Vorfälligkeitsentschädigung: Nach der neuen Kreditrichtlinie sind Ratendarlehen jederzeit ganz oder teilweise rückzahlbar. Verbraucherschützer sind dennoch nicht begeistert: „Die Neuregelung verschlechtert die Position des Verbrauchers”, kritisiert Gerd Billen, Vorstand des Bundesverbandes der Verbraucherzentralen (VZBV). Denn Banken dürfen bei vorzeitiger Rückzahlung jetzt eine Entschädigung verlangen. Die Strafgebühr ist auf ein Prozent des vorzeitig zurückgezahlten Betrages begrenzt.

Bei einer Restlaufzeit des Darlehens von weniger als einem Jahr fallen 0,5 Prozent an. „Der Mehrwert durch die frühe Kündigungsmöglichkeit ist zu gering, um die Vorfälligkeitsentschädigung generell zu rechtfertigen”, kritisiert Billen. Berechnet eine Bank ein Prozent Ausfallentschädigung, fallen bei einem Restdarlehen von 6500 Euro 65 Euro Gebühr an. Nach altem Recht konnte man nach Ablauf von sechs Monaten den Kredit mit einer Frist von drei Monaten ohne Kosten kündigen. Positiv: Einige Banken verzichten weiterhin auf die Vorfälligkeitsentschädigung, zum Beispiel Deutsche Bank, DKB Bank oder Sparda Bank München.
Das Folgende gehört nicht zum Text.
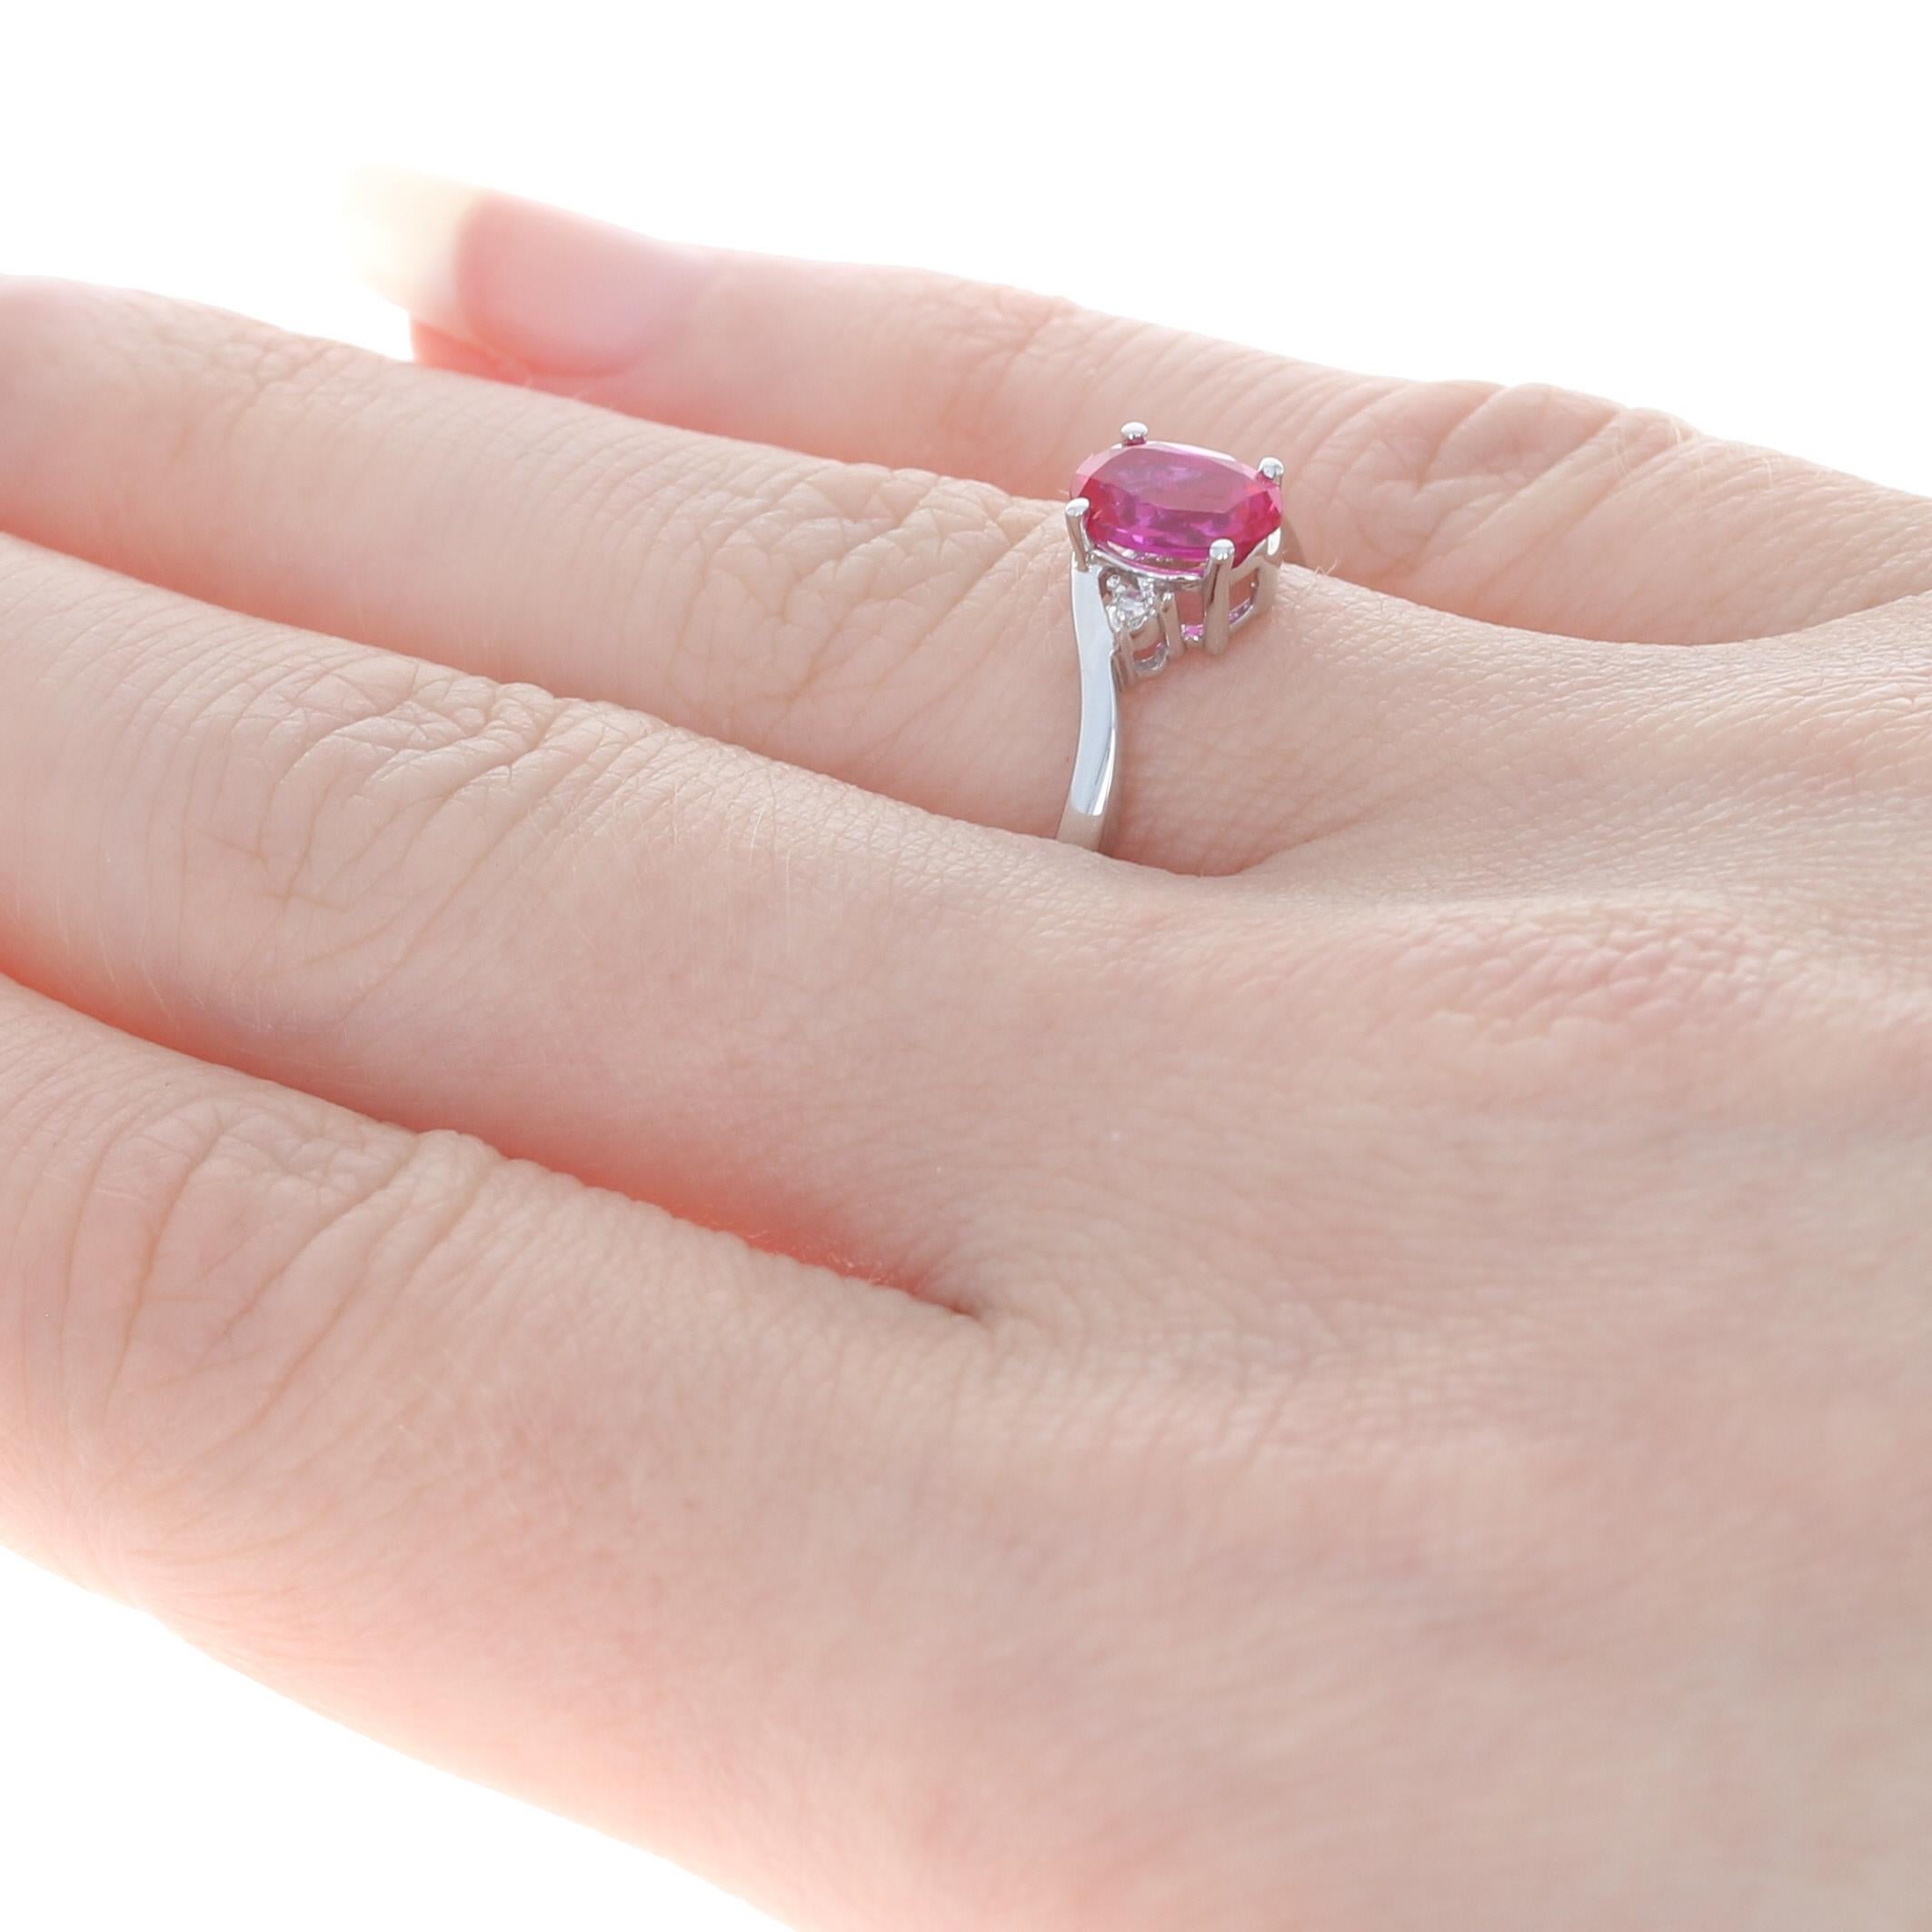 For Sale:  New Synthetic Ruby & Diamond Ring, 10k White Gold Bypass 1.07ctw 4
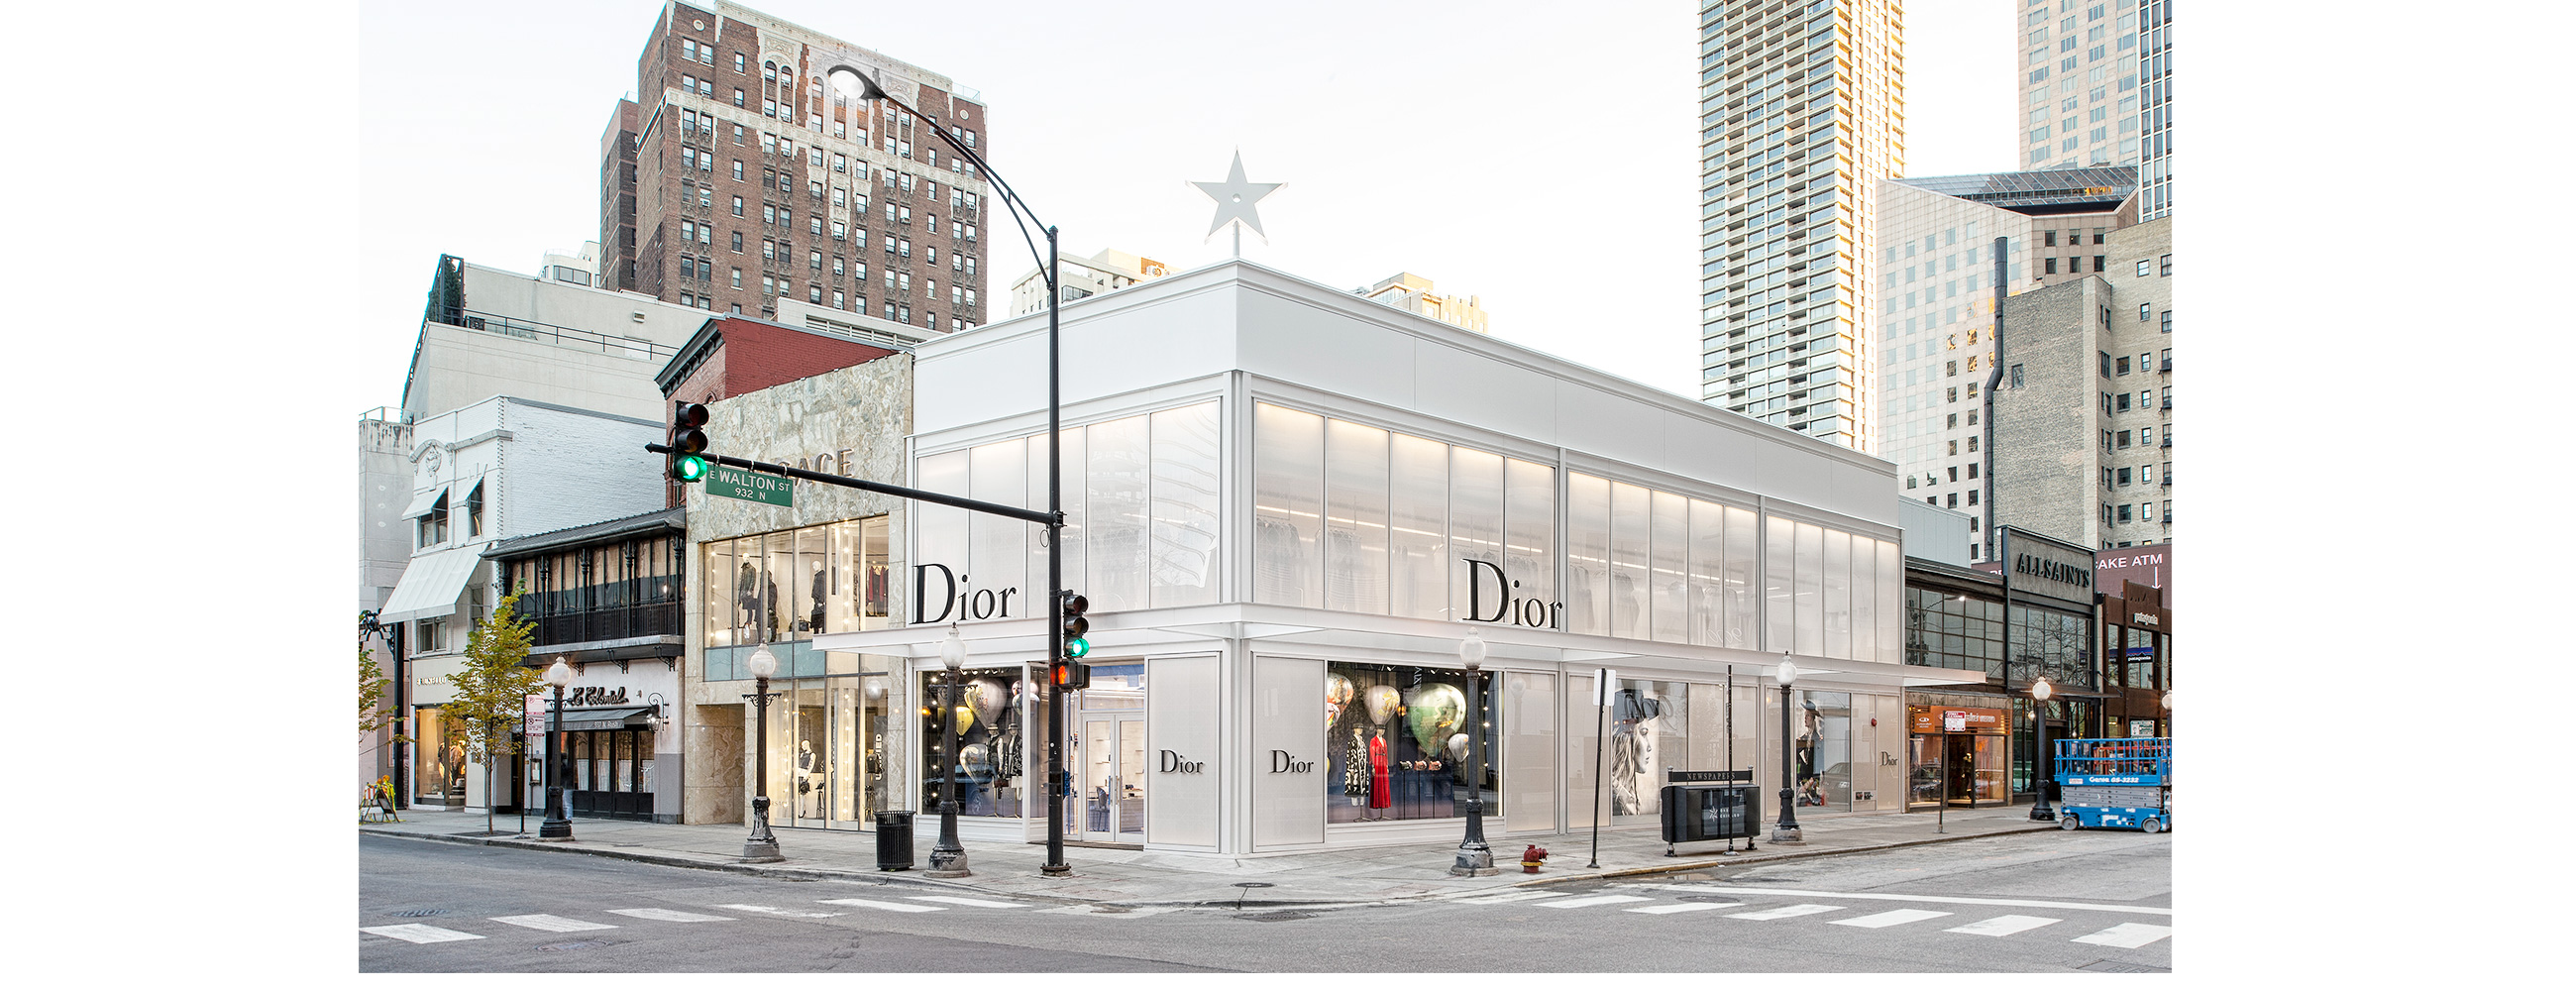 Exterior, street view of Dior flagship in Chicago, AGNORA fabricated Insulated Glass Units up to 146" in length, laminated, tempered, and digitally-printed.

Restschuldversicherung: Fast alle Banken weisen ihre Kunden auf Absicherungsmöglichkeiten gegen Zahlungsausfall hin. Die Restschuldversicherung übernimmt ausstehende Kreditraten bei Krankheit, Arbeitslosigkeit oder Tod. Die Kosten dafür sind happig, weswegen Banken diese gern verschweigen. Rechtlich ist das nicht zu beanstanden, denn nach der neuen Kreditrichtlinie sind die Prämien nicht im Effektivzins anzugeben, wenn das Darlehen ohne Versicherungsschutz zu gleichen Konditionen zu haben ist. Thomas Bieler von der ING-Diba kritisiert: „Restschuldpolicen können die Kreditkosten verdoppeln.”

So verteuern sich beispielsweise fünfjährige Ratenkredite mit Versicherungsschutz von 6,7 auf 13,17 Prozent Effektivzins. Dabei ist der Nutzen durchaus fragwürdig, denn bei Arbeitslosigkeit zahlt die Police häufig erst nach mehrwöchiger Karenzzeit und auch nur zwölf oder 18 Monate lang. Bei Kleinkrediten lohnt die Versicherung kaum. Die ING-Diba bietet diese Police daher gar nicht mehr an.